| EXERCISE GOAL |
Each line of the listing, apart from the pictures, is to be printed exactly.

| MATERIAL PROVIDED |

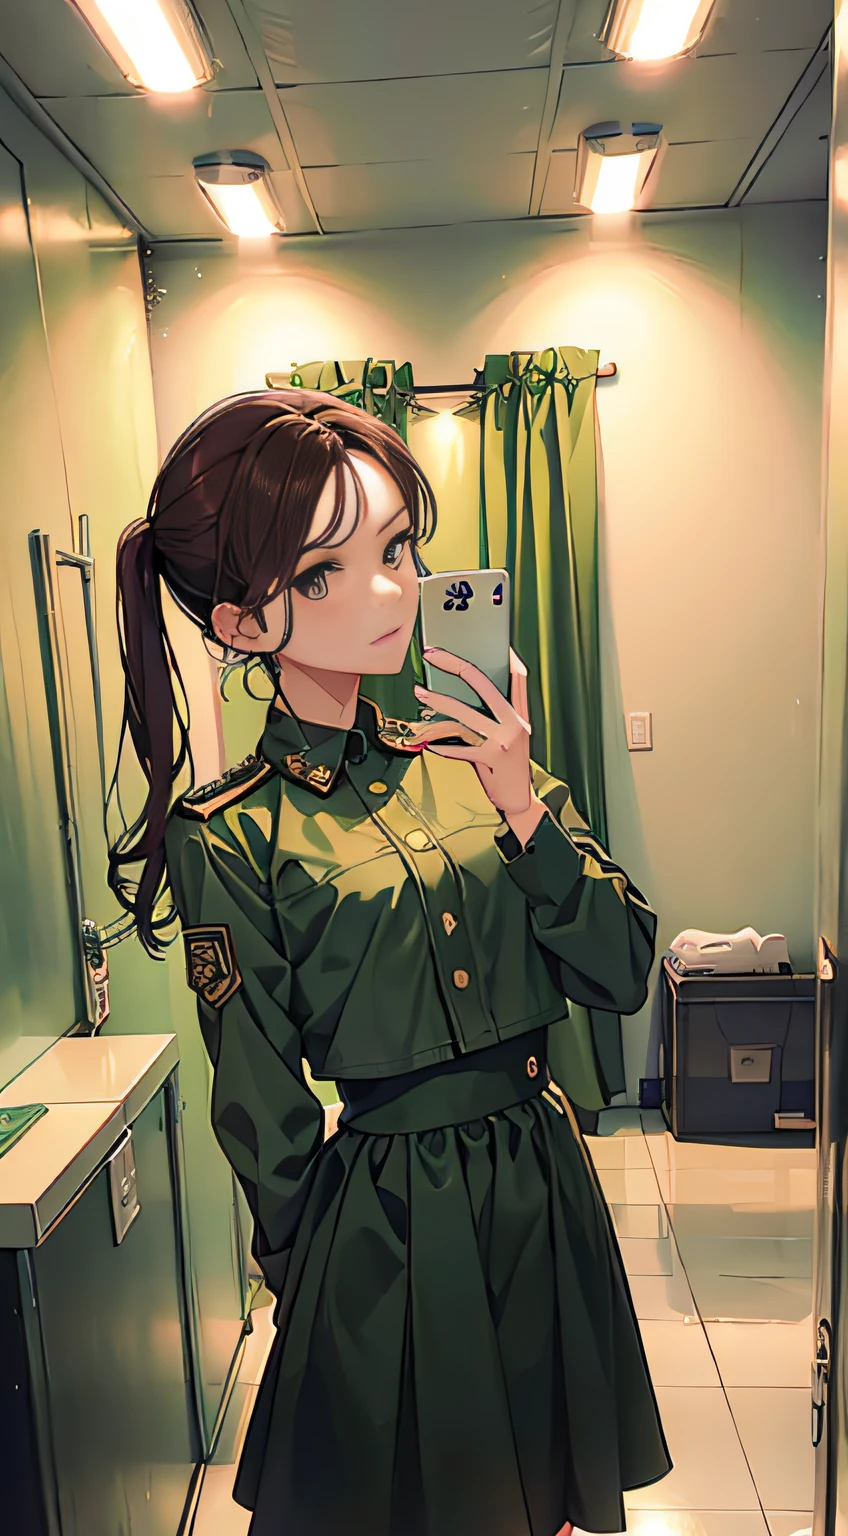 공공 화장실 거울에서 셀카를 찍는 녹색 제복을 입은 여자, 댕 내 영혼아, 군인 소녀, 군복을 입고, 군복을 입고, 매우 매우 낮은 품질의 사진, 제복을 입은 소녀, 군복을 입고, 프로필 사진, 예 웬페이, 군복을 입고, 내일 트랜 형제, 더러운 군복을 입고, 프로필 이미지, 군인복을 입고, 프로필 사진ture
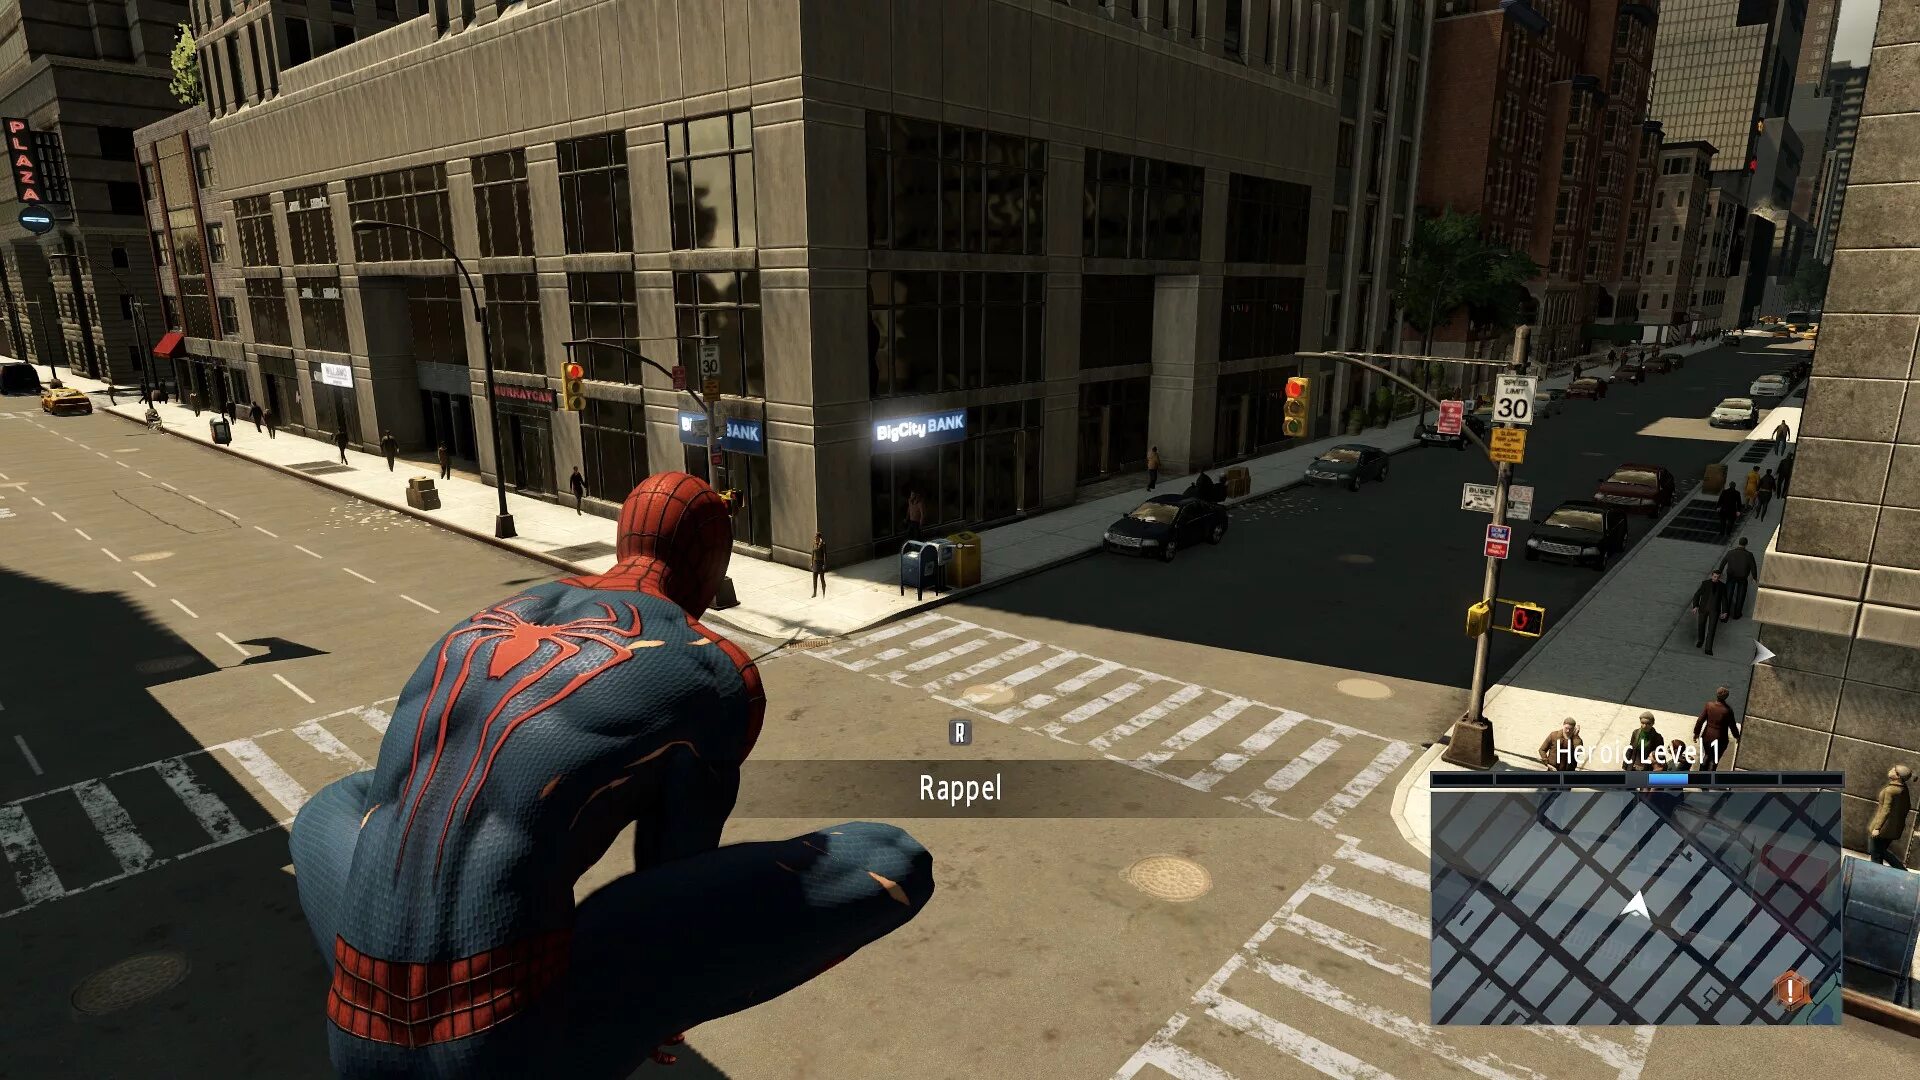 Эмэйзинг Спайдер Мэн 2. The amazing Spider-man 2 (игра, 2014). Человек паук амазинг 2 игра. Эмэйзинг Спайдер Мэн игра. Паук амазинг
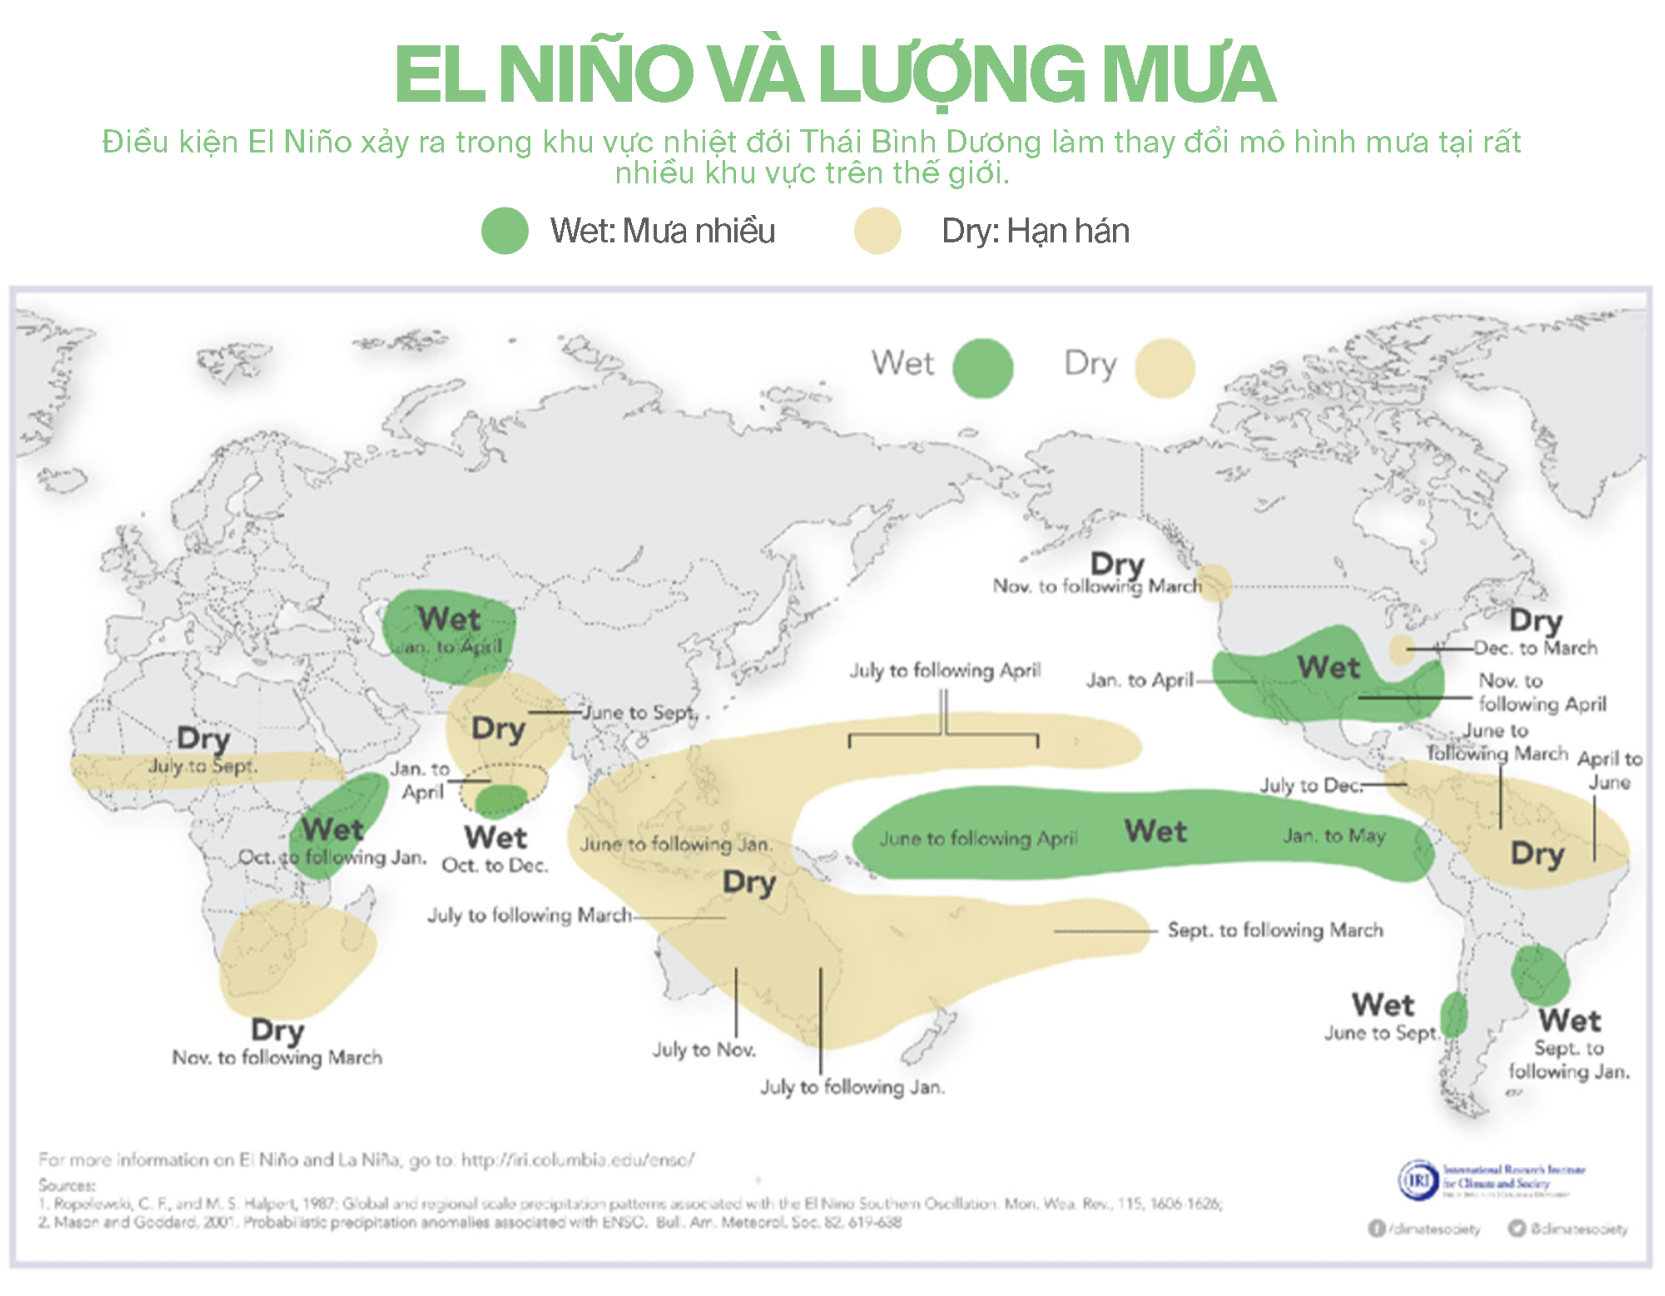 Những bí ẩn của El Niño: Nguồn gốc, lịch sử và hiệu ứng cánh bướm hai bên bờ Thái Bình Dương (kỳ 1) - Ảnh 3.

| EXPECTED ANSWER |
 공공 화장실 거울에서 셀카를 찍는 녹색 제복을 입은 여자, 댕 내 영혼아, 군인 소녀, 군복을 입고, 군복을 입고, 매우 매우 낮은 품질의 사진, 제복을 입은 소녀, 군복을 입고, 프로필 사진, 예 웬페이, 군복을 입고, 내일 트랜 형제, 더러운 군복을 입고, 프로필 이미지, 군인복을 입고, 프로필 사진ture
 Эмэйзинг Спайдер Мэн 2. The amazing Spider-man 2 (игра, 2014). Человек паук амазинг 2 игра. Эмэйзинг Спайдер Мэн игра. Паук амазинг
 Những bí ẩn của El Niño: Nguồn gốc, lịch sử và hiệu ứng cánh bướm hai bên bờ Thái Bình Dương (kỳ 1) - Ảnh 3.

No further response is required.